Wendy R. Pearlman is an American historian and political scientist of the Middle East. She is the Jane Long Professor of Arts and Sciences and Professor of Political Science at Northwestern University where she has taught since 2008.

== Education and career ==
Pearlman graduated from Brown University magna cum laude in 1996 with a Bachelor of Arts in history. During her junior year at Brown, Pearlman studied abroad in Morocco, where she began studying Arabic. In 1996 and 1997, Pearlman completed a Fulbright Fellowship in Madrid, where she researched North African migrant communities.

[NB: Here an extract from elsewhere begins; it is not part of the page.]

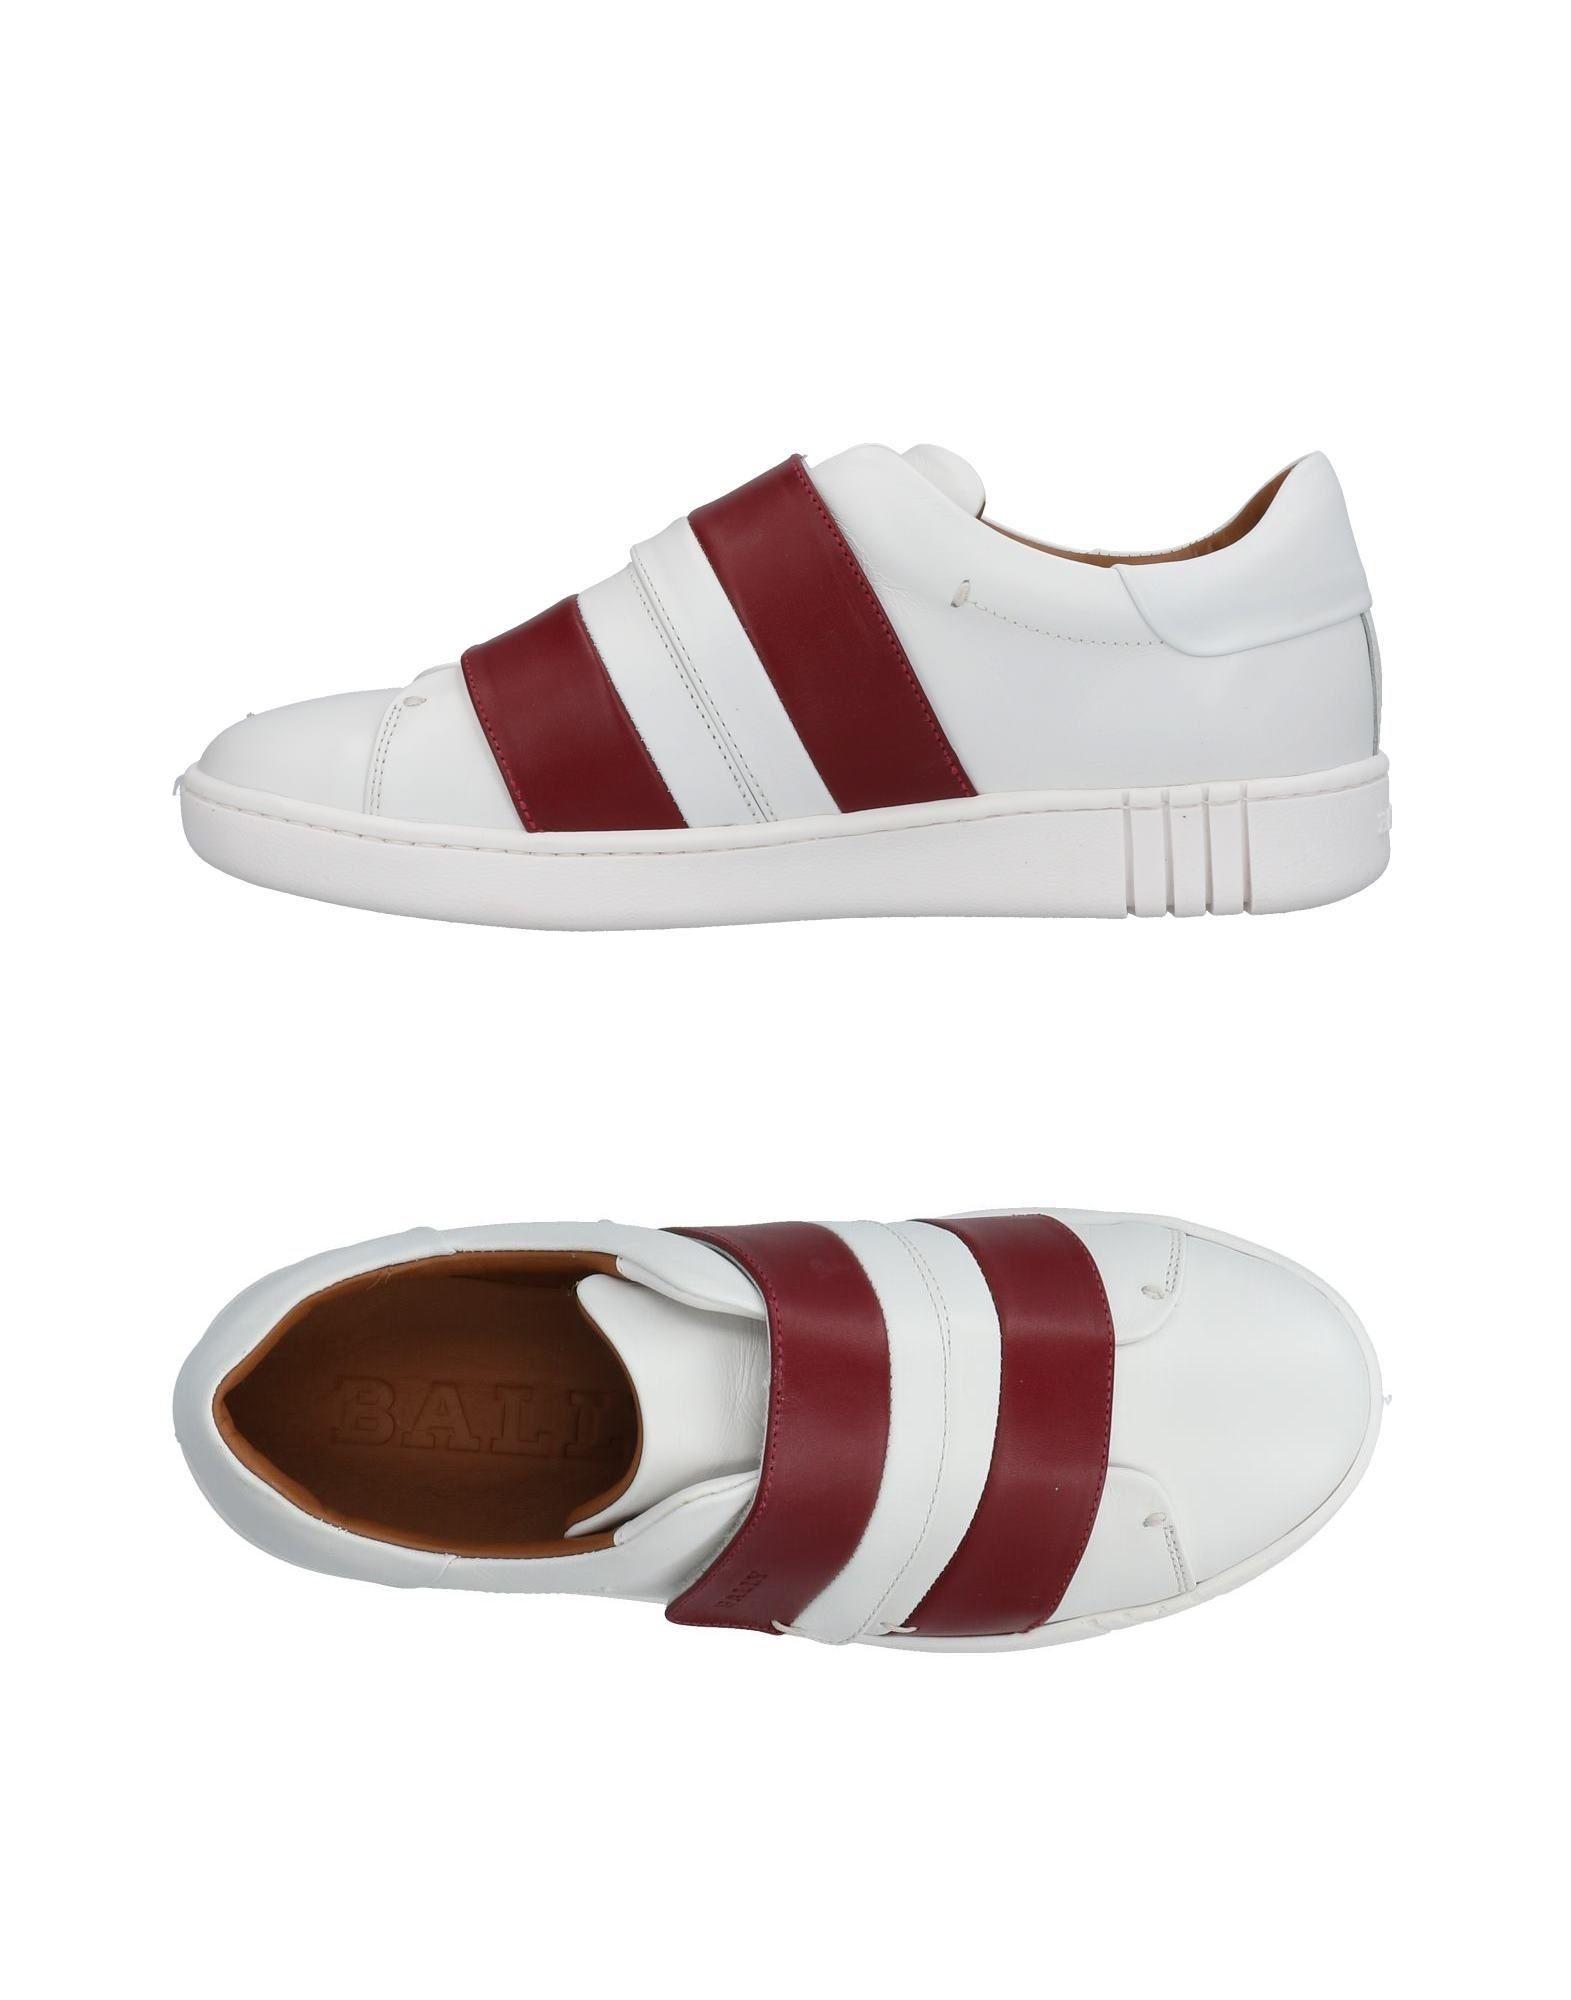 Sneakers Bally Donna - Acquista online su
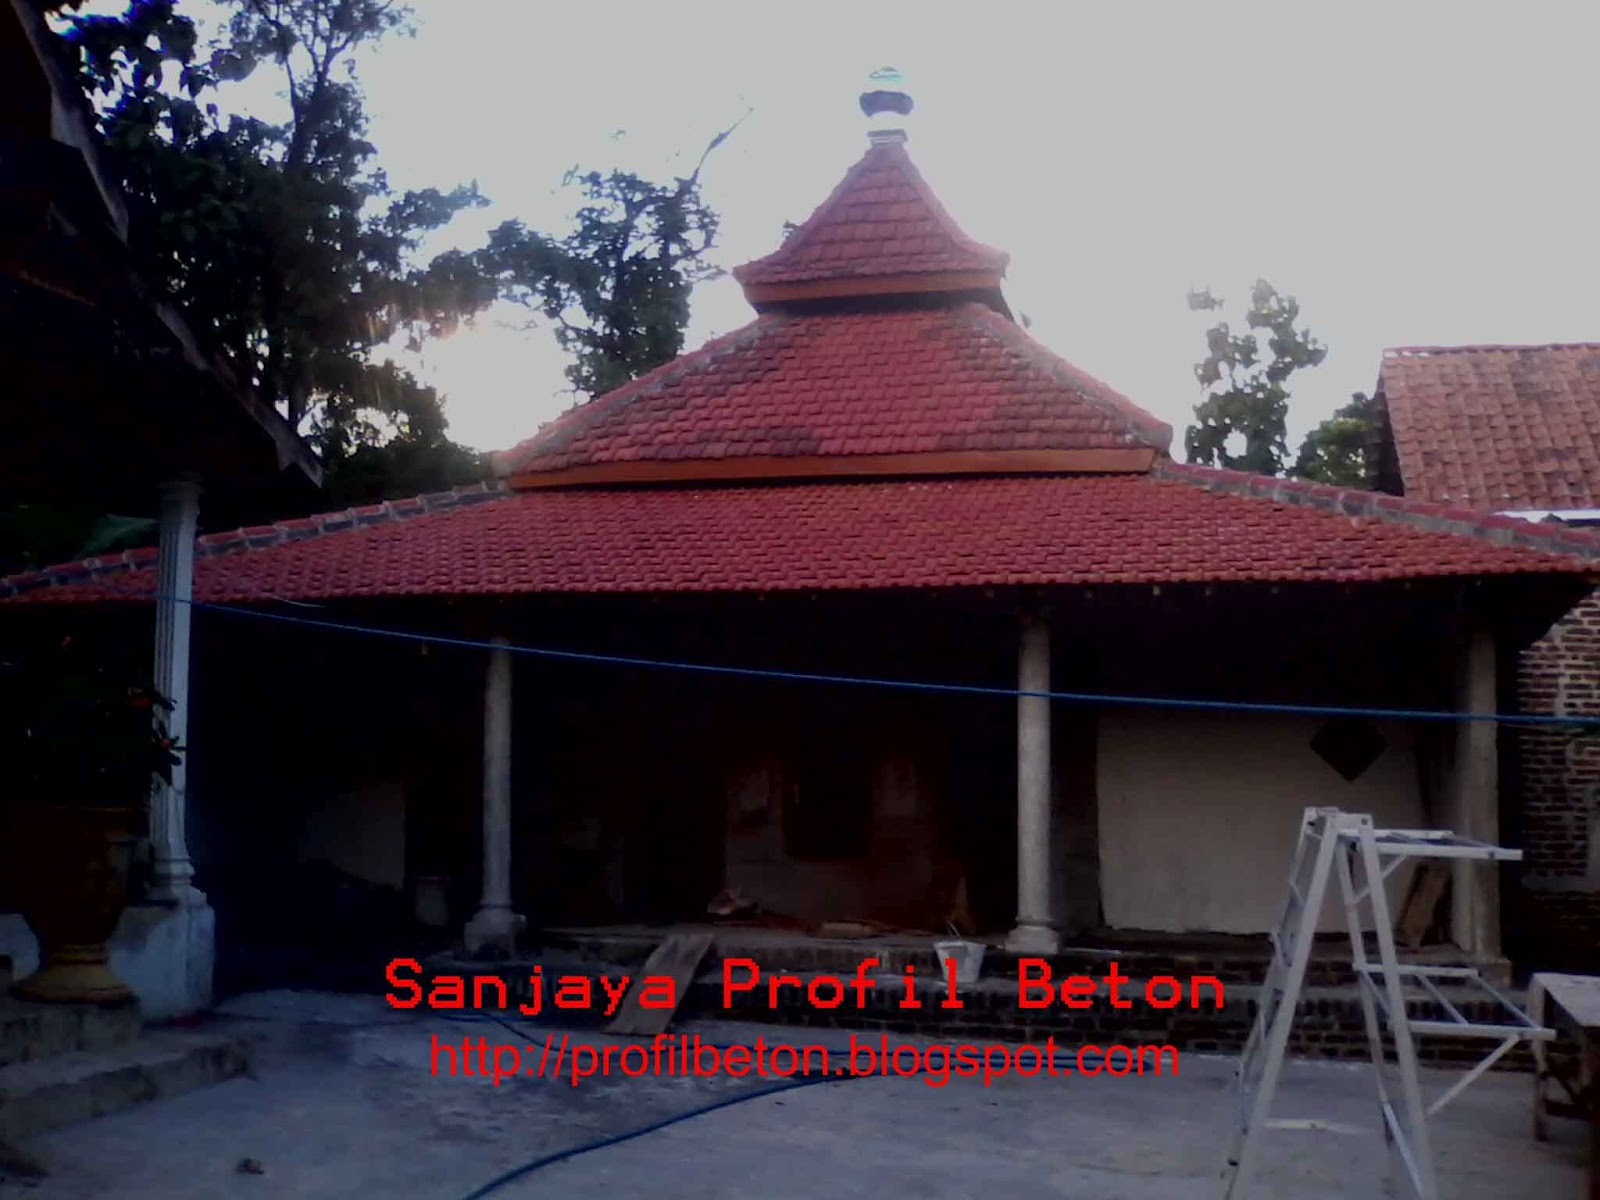 sanjaya profil beton maret 2012

Pearlman received a Master of Arts in government from Georgetown University before pursuing doctoral studies at Harvard University. She completed her Ph.D. in government from Harvard in 2007. She has taught at Northwestern University since 2008, where she held the Crown Junior Chairship in Middle East Studies (2009-15) and Crown Professorship of Middle East Studies (2022-24).

Pearlman has served as Co-Editor-in-Chief of the journal Perspectives on Politics since June 2023.

== Personal life ==
Pearlman was raised in the Chicago suburbs and Lincoln, Nebraska in "a non-religious, secular but Jewish household." She attended Lincoln Southeast High School, graduating in 1992.